In 2016, at least 217 workers died from an unintentional drug or alcohol overdose at work, 32 percent more than in 2015, per the Bureau of Labor Statistics. The construction industry has the second-highest rate of opioid misuse of all studied, and construction workers are twice as likely to be addicted to opioids than other working adults. According to the Centers for Disease Control and Prevention, construction workers had the largest share of heroin- and methadone-related overdose deaths from 2007 to 2012.

A survey of employers by the National Safety Council finds that fewer than 20 percent of companies felt "extremely well-prepared" to combat the opioid epidemic.
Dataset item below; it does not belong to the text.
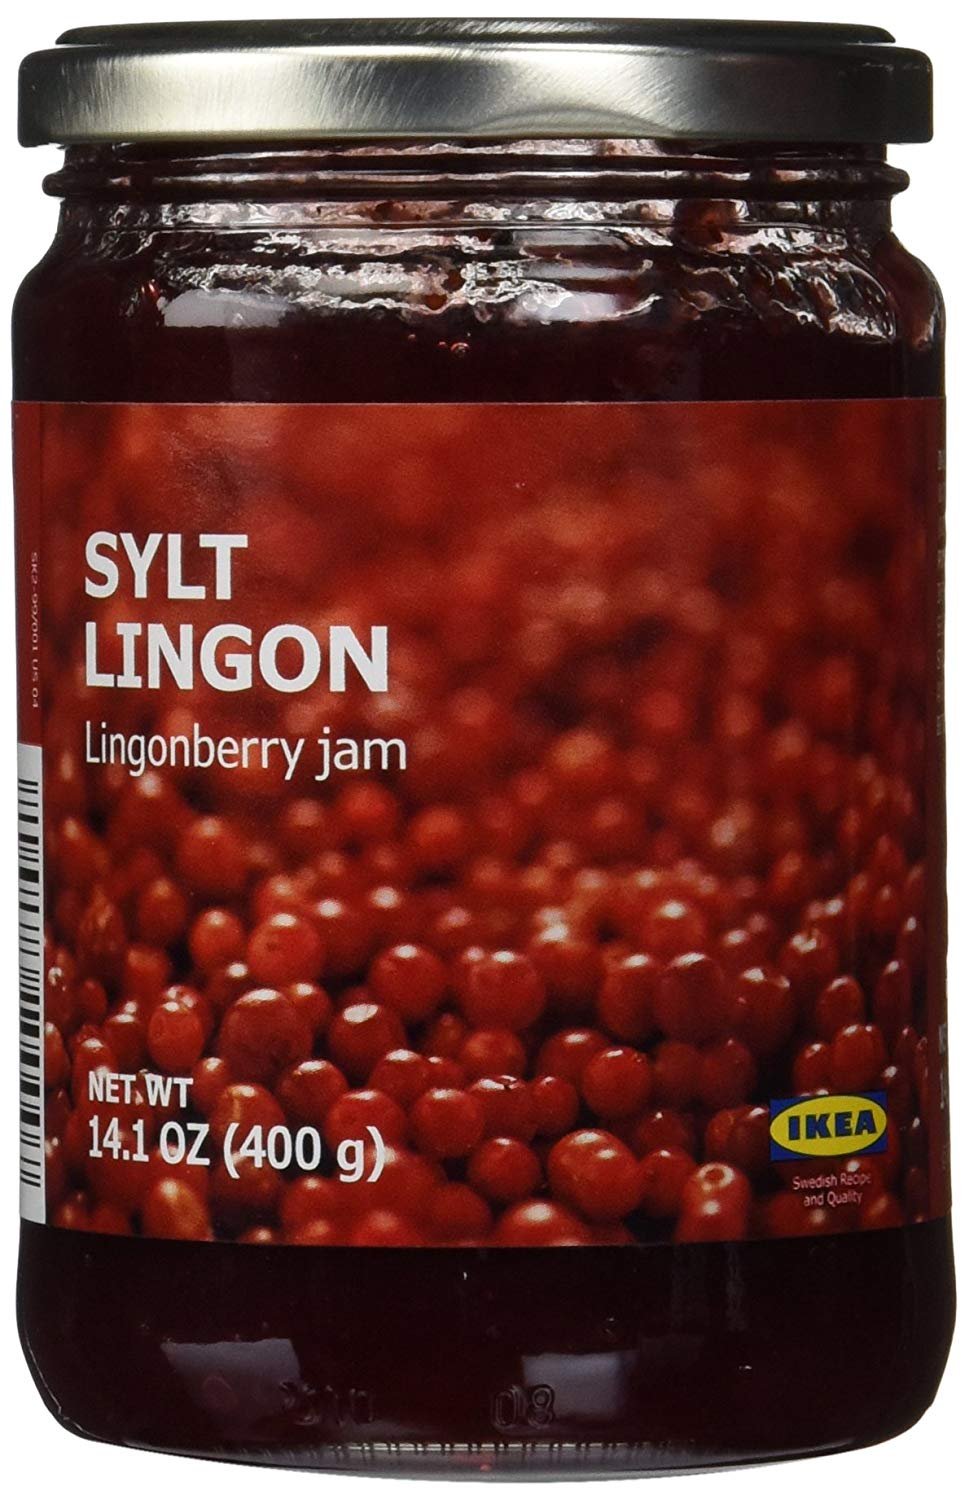 Sylt Lingon Lingonberry Preserves Ikea  Food 14 ounce 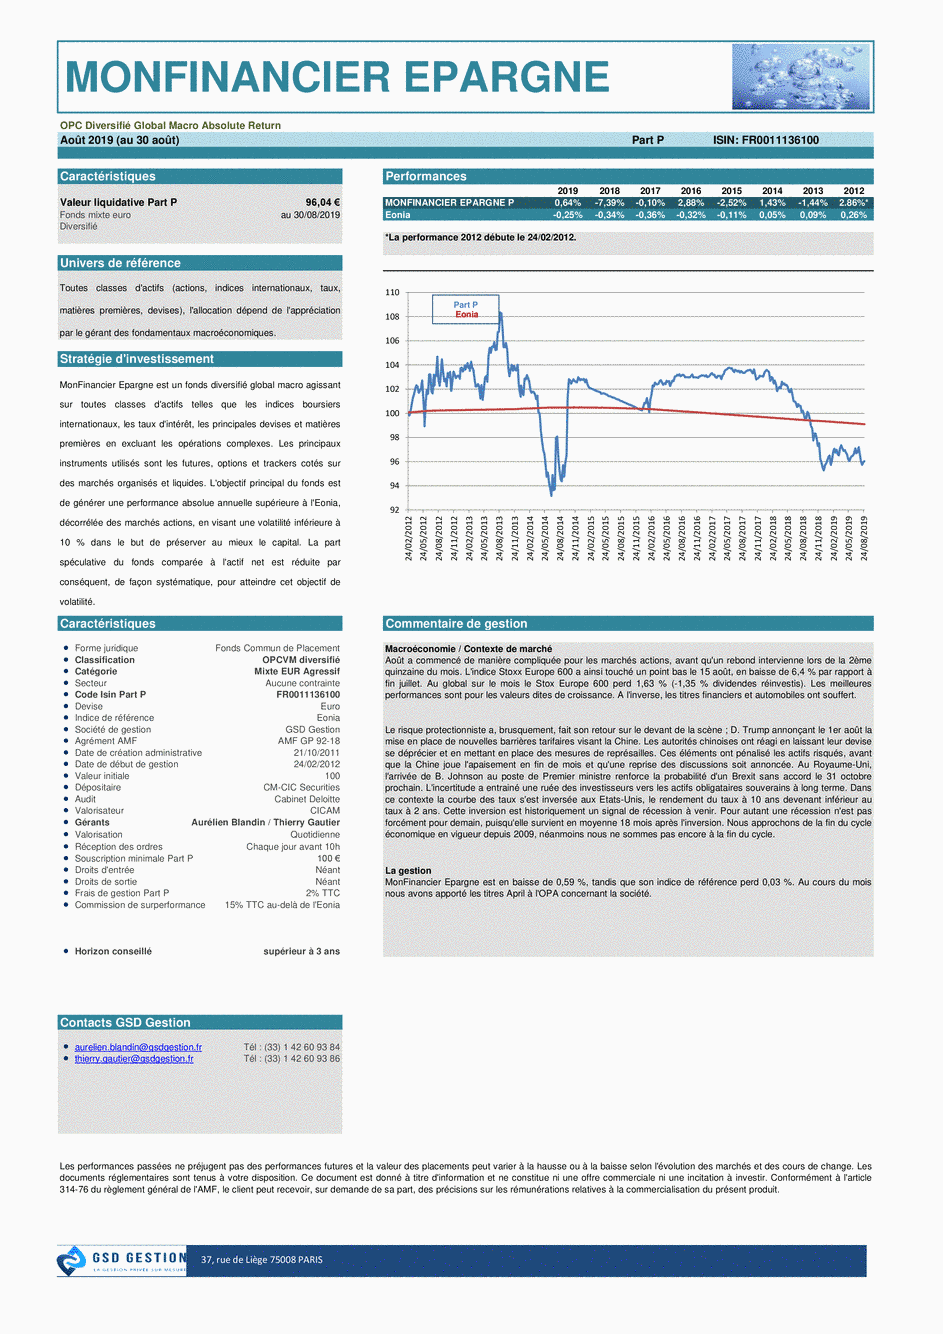 Reporting Monfinancier Epargne P - 03/09/2019 - undefined

Dave Chase, co-founder of health insurance certifier Health Rosetta, says, “Employers have been asleep at the wheel," unsure or unwilling of how to handle these issues, adding that some companies are "key, unwitting enablers." The New York Times reports that beyond this, many employers are unwilling to acknowledge drug use in their companies. Pat Sullivan, executive vice president of employee benefits at insurance broker Hylant, says “If you ask them if they believe they have an opioid problem within their population, a very high percentage of them would say, ‘No, we don’t,’ and yet we have access to prescription reports that are absolutely telling me there’s abuse happening” among their workers."

Jimmy Sullivan prepared for his job as a bricklayer the same way every morning for years: injecting a shot of heroin before leaving his car. The first time he overdosed on the job, in 2013 at a Virginia construction site, a co-worker who is his cousin stealthily injected a dose of Narcan, an opioid antidote, into Mr. Sullivan’s leg. He woke up and went straight back to work. The second time, in 2014, his cousin revived him again, and after resting for an hour in his car, Mr. Sullivan was back on the job. His boss told him not to let it happen again. But within a month, Mr. Sullivan had again overdosed on the job site. This time, another worker called 911. After a few hours at the hospital, he went back to work.